Photographers in Britain are in particular danger when covering violent demonstrations.
The use by the police of legal powers to seize unpublished film in order to identify suspects has made the photographers the regular targets of hostile crowds.
David Newell, legal adviser to the Newspaper Society, which represents regional British newspapers, said that newspapers are not aware that the police are likely to be successful in their quest for unpublished pictures.
The police power to obtain a court order giving them access to the material is based on the 1984 Police and Criminal Evidence Act. The Newspaper Society argues that newspapers should not give up the material unless there is a court order. But it recognizes that a court battle can involve hefty legal fees and almost certain defeat.
Newell said that, faced with the prospect of spending "X thousands of pounds on legal fees, some newspapers will take the short cut" and simply hand over the material when asked.
In such a climate, Newell said, protecting photographers on the ground becomes "a very real problem. There could well be an argument in some circumstances of events not covered or things done in more and more covert ways."
One of the safeguards against possible overuse of the bill was thought to be that the complexity of the court process itself would make the police unwilling to seek an order except in very unusual circumstances.
Another was the idea that judges would balance the need to protect news gatherers against the wishes of the police to bring criminals to justice.
But police have shown themselves to be eager to go to court. And David Feldman, a law professor at the University of Birmingham, said that the courts tend not to vary from the view that the public interest in apprehending criminals far outweighs any consideration of safety for photographers.
"The way things are going," he said, photographers "seem to be in danger of being unpaid stooges of the police if they attend a public disorder event."
The National Union of Journalist (NUJ) invites its members who fear that their pictures may be seized to deposit them with the union, which then sends them to the International Federation of Journalists in Brussels, where they are kept on file.
But this method has its drawbacks. Because of the workings of the law on contempt of court, photographers must give pictures to the union, not simply lend them. They also must do it before a court orders seizure. And photographers following this procedure lose all rights to the pictures.
According to Jacob Ecclestone, deputy general secretary of the NUJ, the method has been used five times.

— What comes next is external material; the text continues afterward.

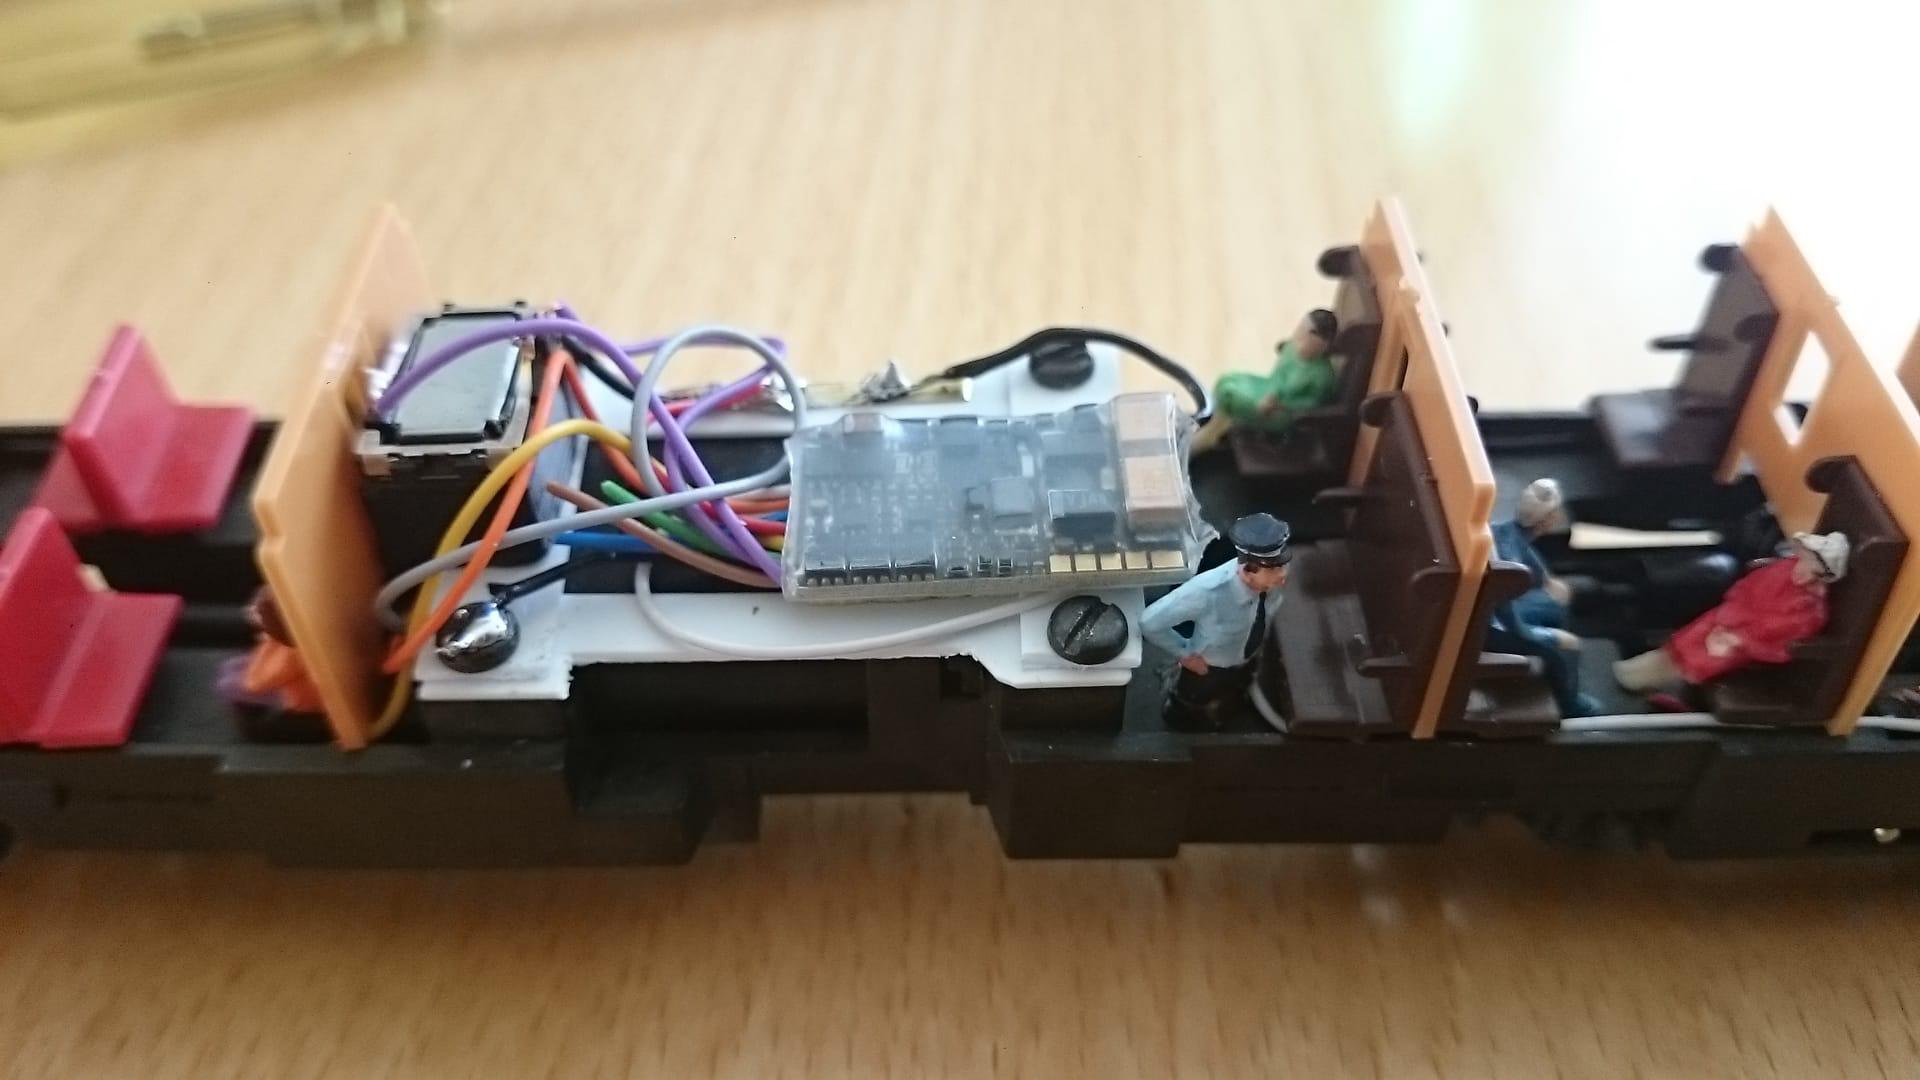 Tw49-Sounddecoder.jpg

"It's really to make a point" he said. "We take material. We put it in an envelope. We send it to Europe. But it's gone forever. We might as well burn it. But in our experience, photographers don't like destroying what they have produced."
Ecclestone argues that "the real villains" are not police, but editors who publish pictures of rioters and invite readers to identify them. "The editors of papers like the Evening Standard and the Sun," he said, "are quite happy as circulation boosters to run rogues galleries on behalf of the police. And they do it quite nakedly."
Ecclestone said such behavior helps to demean the press and makes its defense on points of principle more difficult. He also argues "there is no attachment to press freedom in Britain in the way that Americans think about it. …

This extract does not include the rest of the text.